Lemmermannia /ˌlɛməɹˈmæniə/ is a genus of fresh water trebouxiophyceans. as of March 2022, the genus contains five described species. They form coenobia of 4 to 16 cells. Its type species is L. tetrapedia (Kirchner) Lemmermann, originally described in 1880 but put into the genus Lemmermannia in 1904.

== Etymology ==
The genus is named in honor of German botanist Ernst Johann Lemmermann.

== History ==
In 1880, Kirchner described Staurogenia tetrapedia.

In 1897, Schröder described Tetrapedia emarginata

In 1898, Kuntze moved Staurogenia tetrapedia to the genus Crucigenia, in the name Crucigenia tetrapedia.

In 1900, Chodat described the genus Lemmermannia and used T. emarginata (now L. emarginata) as the type of the new genus.

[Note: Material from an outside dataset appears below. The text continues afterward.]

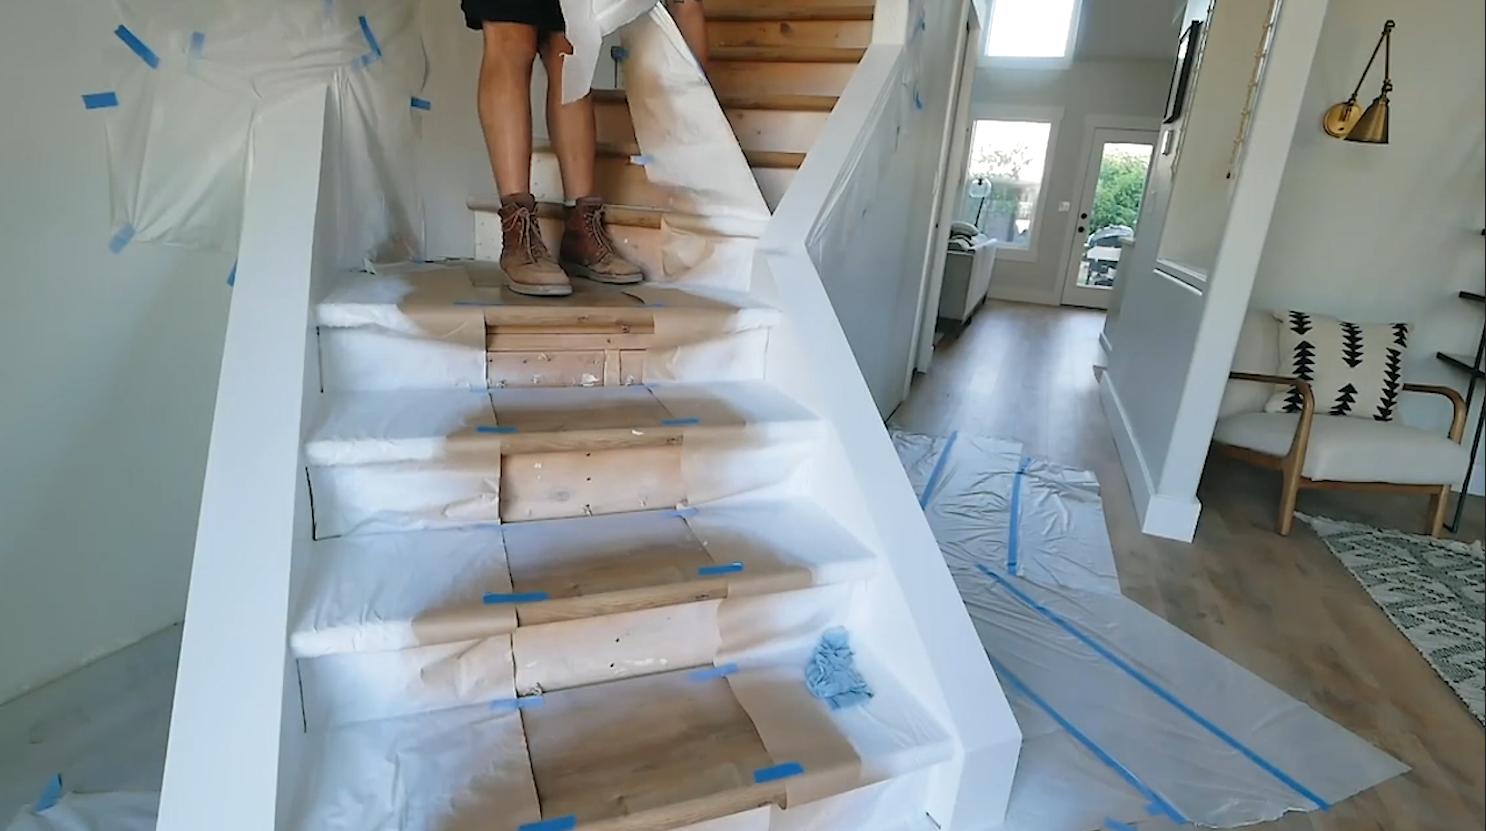 只要把樓梯改造一下,就能舊樓變新顏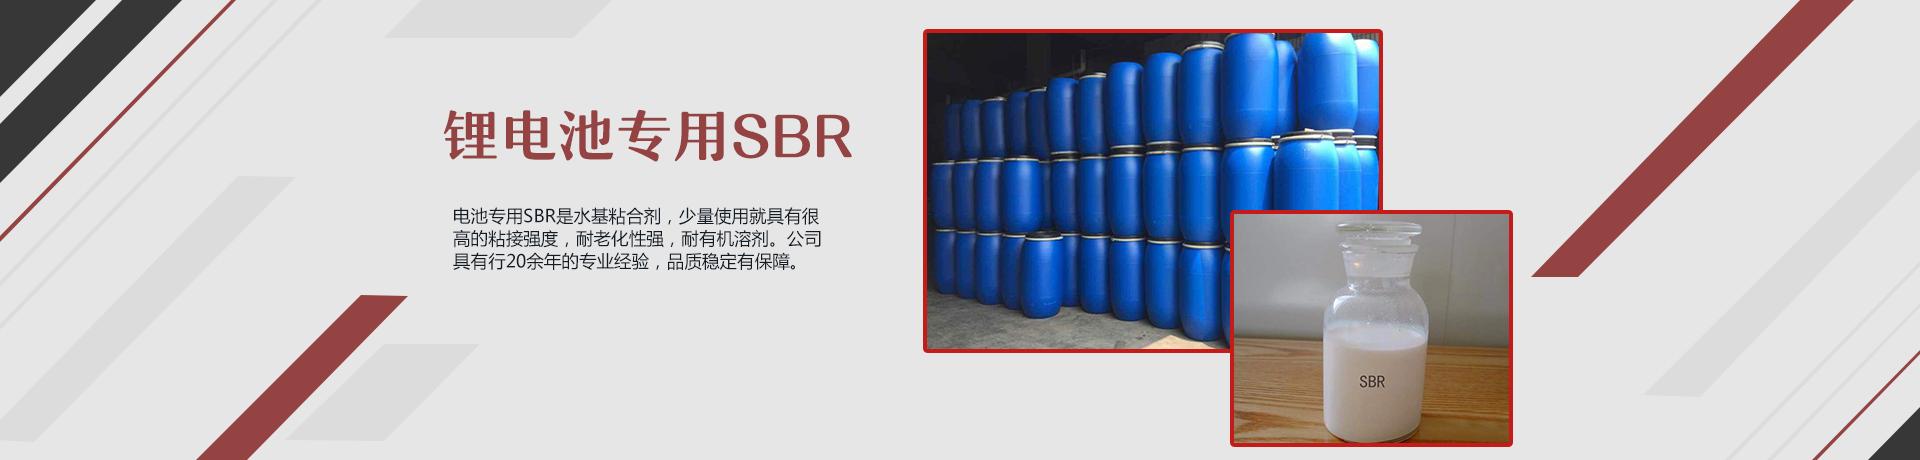 锂电池专用SBR

In 1904, Lemmermann moved Crucigenia tetrapedia into Lemmermannia as Lemmermannia tetrapedia, which was not widely recognized; the old name Crucigenia tetrapedia was kept in use. The genus Lemmermannia had been ignored for many years until 2013.

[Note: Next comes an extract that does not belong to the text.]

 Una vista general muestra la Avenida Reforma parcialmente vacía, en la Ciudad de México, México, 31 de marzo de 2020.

In 2013, Bock et al. found a new clade of algae including Crucigenia tetrapedia and three others using molecular methods.
Bock et al. (2013) decided that Crucigenia tetrapedia and Lemmermannia emarginata are the same organism. Since C. tetrapedia was described first (in 1880) and has priority, it is the species name that should be used. The type of Lemmermannia thus changed its name, from L. emarginata to L. tetrapedia (Kirchner) Lemmermann 1904. Three other species formerly in the genus Tetrastrum were added to Lemmermannia.

== Morphology ==
Lemmermannia includes triangular or oval green, planktonic algae that mostly form tightly joined square coenobia of 4 cells, with or without small rectangular opening in the centre. L. komarekii make coenobia of up to 16 cells in the form of near-square synceonobia, where 4 tetrads join together. The cells have a single plastid, with or without a small pyrenoid. All species lack spines, and mostly have smooth cell walls, with or without convexity. A minority of L. punctata individuals, as well as old empty cells of the species, have granules on the outer cell walls.

== Metabolism ==
Lemmermannia tetrapedia can use hypoxanthine and allantoin as the only nitrogen source for photosynthesis, which indicates that eukaryotic algae share similar purine degradation pathway to higher plants, animals, and fungi.

== Reproduction ==
Lemmermannia perform asexual reproduction (autosporation by sporangium); sexual reproduction has not been observed.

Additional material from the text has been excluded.